The move confirms the growing belief among studios that a format war is now inevitable and that both sides will need to be supported until one becomes dominant.
Warner's decision will come as a major blow to the HD-DVD camp as the entertainment giant has the largest film distribution network in the world and owns New Line Cinema and HBO, which produces series like Sex and the City and The Sopranos.
Warner had been due to start releasing titles in the HD-DVD format by the end of this year and has been working with Microsoft to integrate DRM technology onto the discs. The DRM capabilities of HD-DVD were one of the key reasons cited by Warner for its initial backing of the format.
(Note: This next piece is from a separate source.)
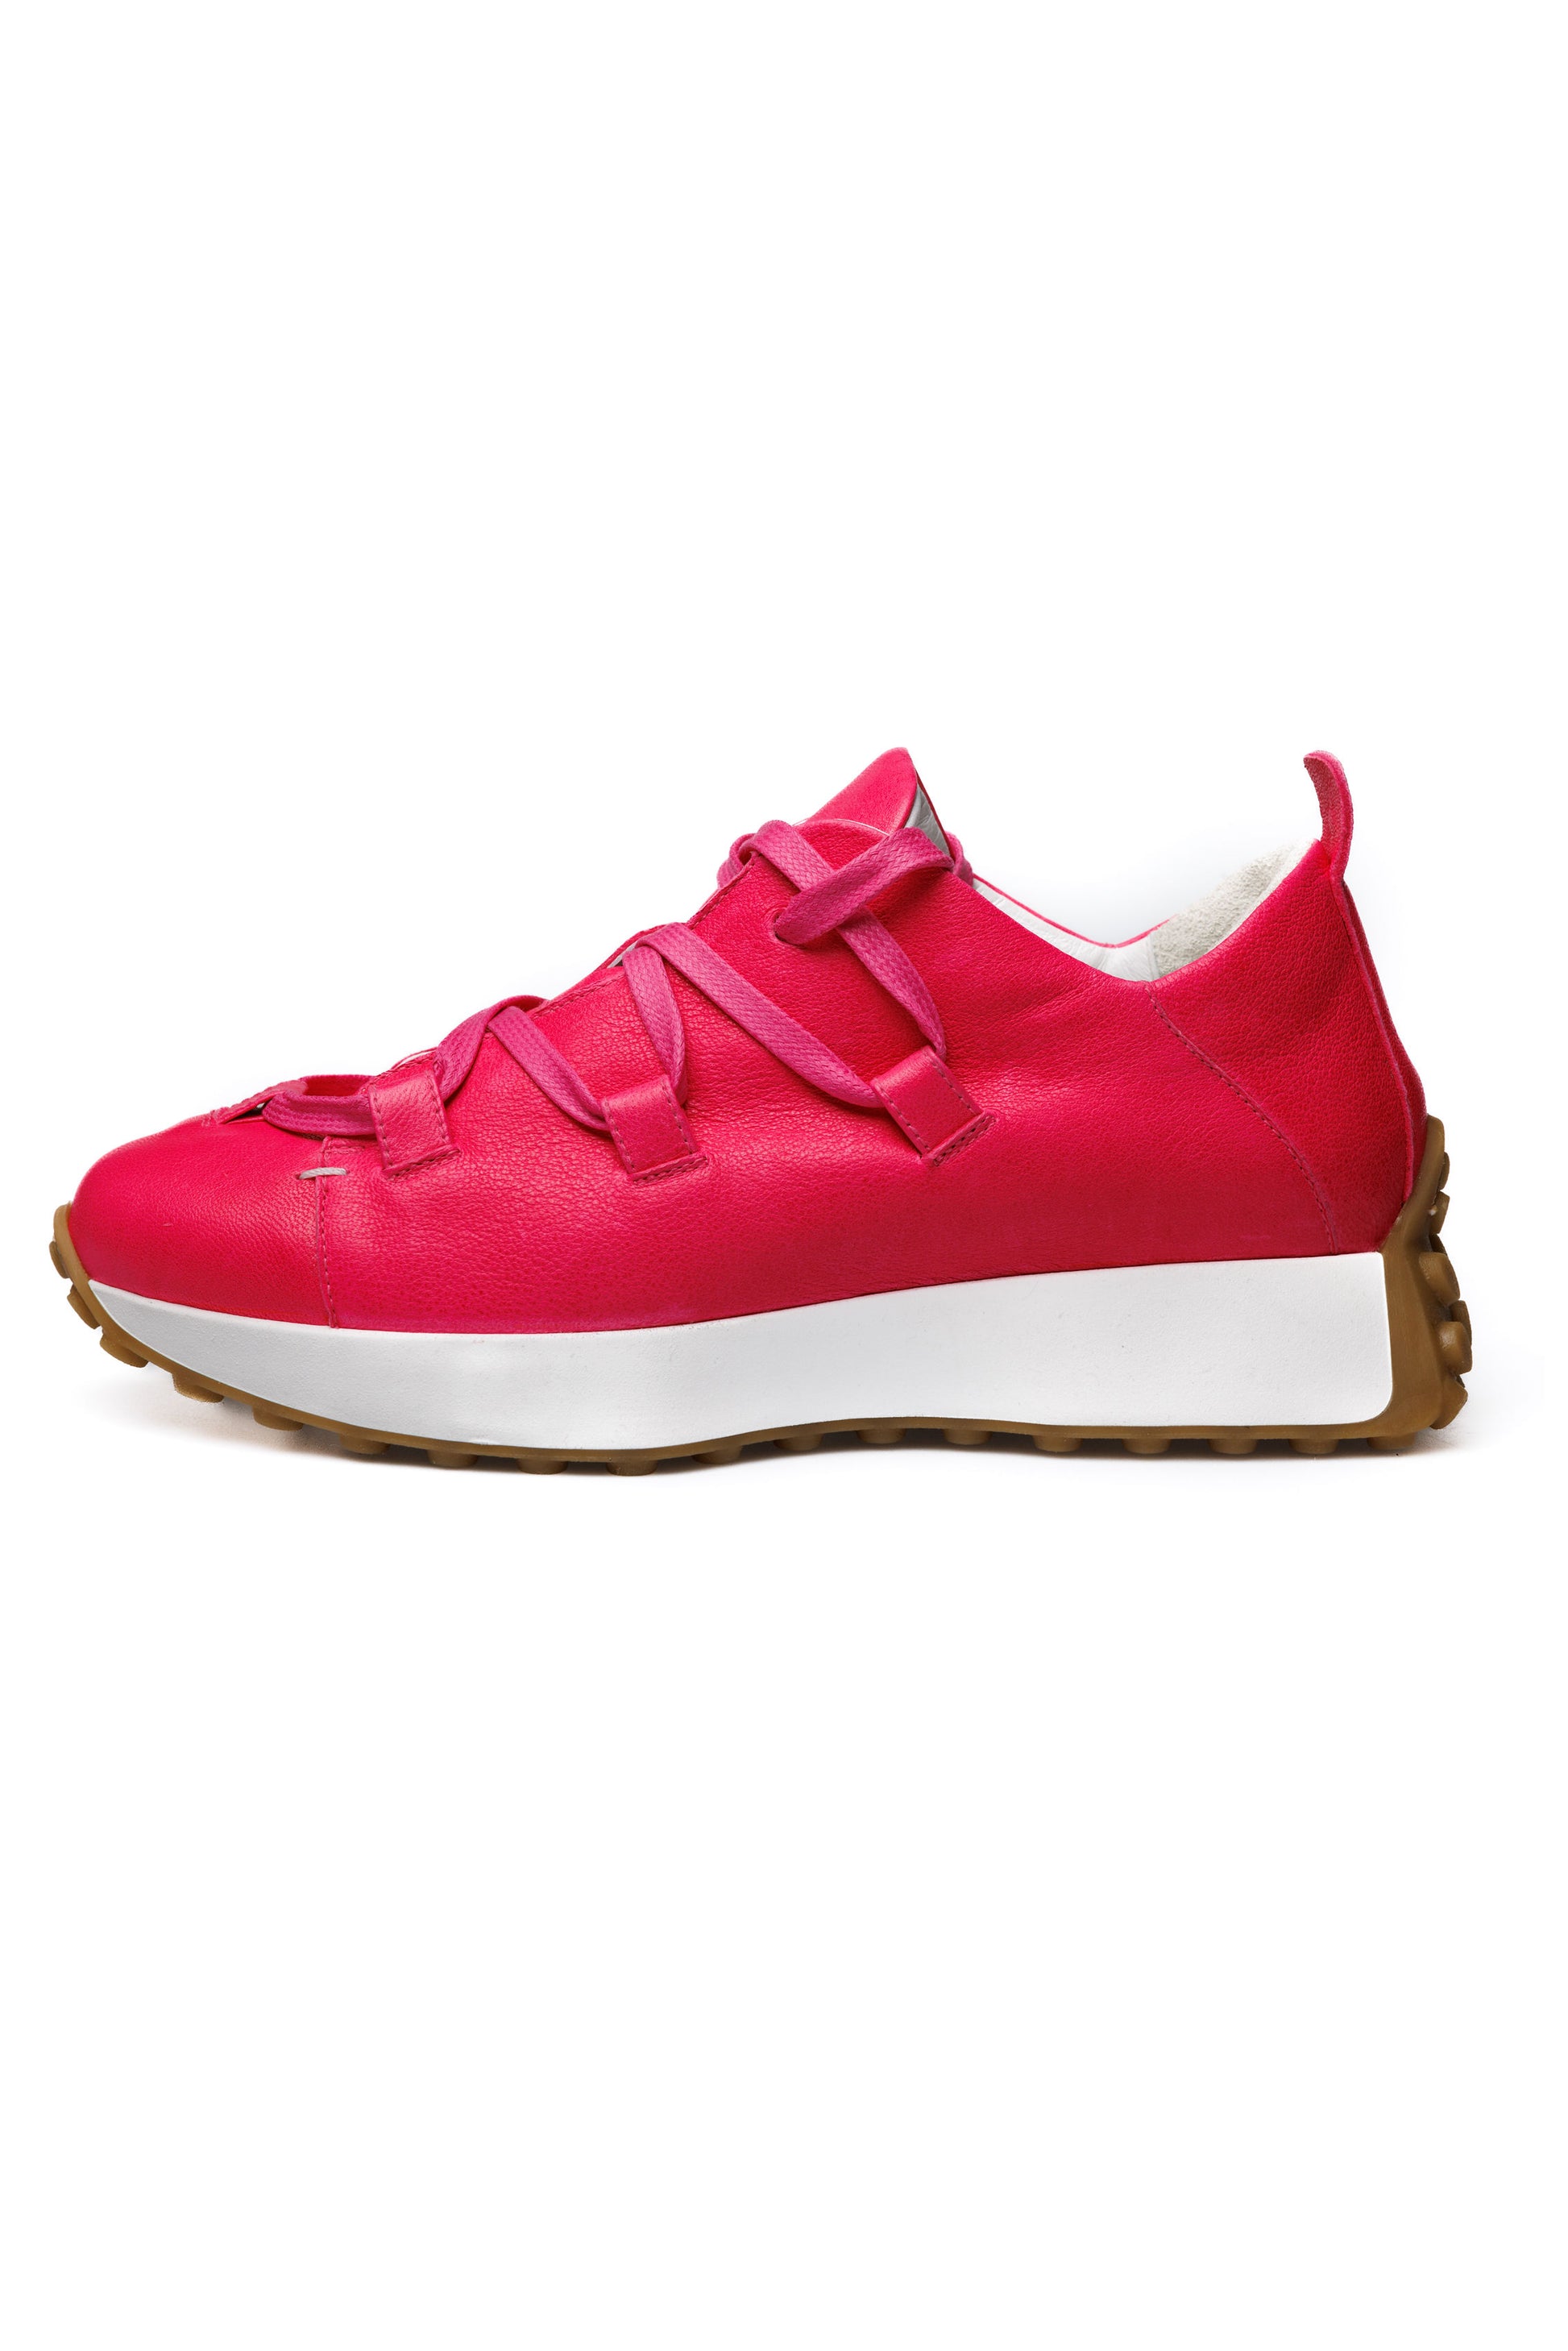 HENRY BEGUELIN Old Iron Leather Sneaker in Fuxia

"HD-DVD innovations include higher resolution video and audio available on a suite of disc capacities adaptable for longer or shorter programmes," said Chris Cookson, chief technology officer at Warner Brothers Entertainment last year. " HD DVD is also supported by advanced security technology and proven manufacturability."
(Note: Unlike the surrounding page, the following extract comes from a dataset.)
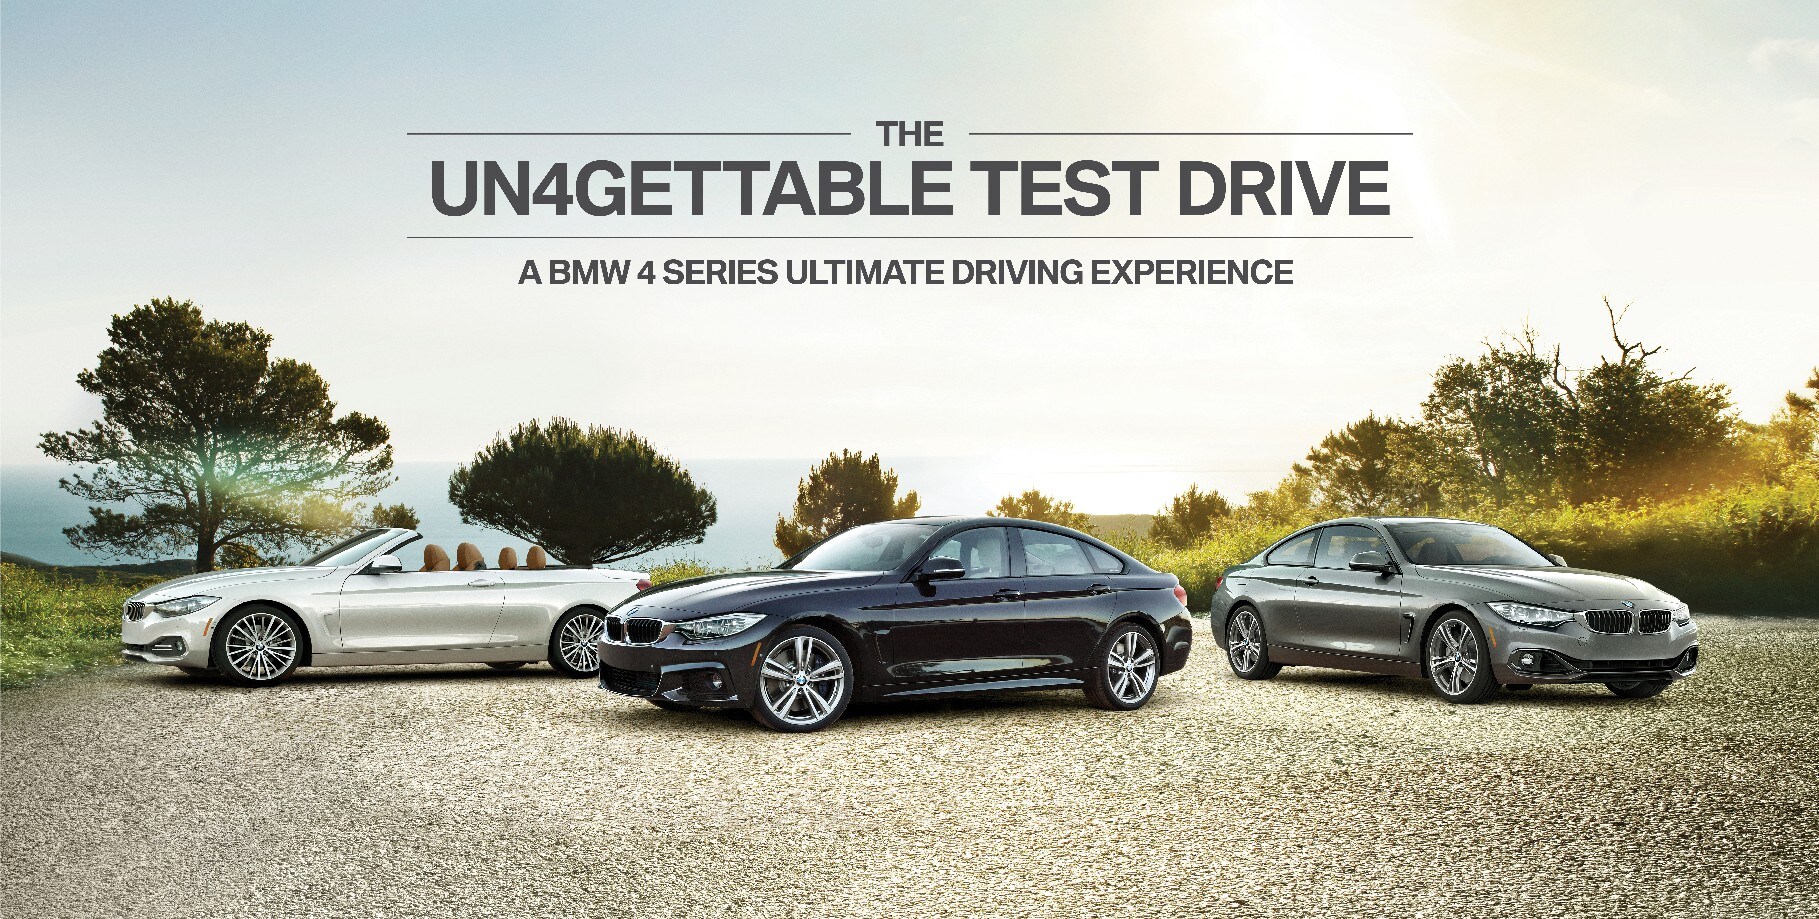 Bmw ultimate drive experience #4

A full blown standards war now looks impossible to avoid and may last two years, according to analysts. The two sides recently abandoned talks to find a common standard, although Samsung has said it will make a dual format media player.
Intel and Microsoft, as well as the two biggest Chinese hardware manufacturers, are supporting HD DVD, but Blu-Ray has some impressive names behind it including Apple, Universal and Lion's Gate Entertainment.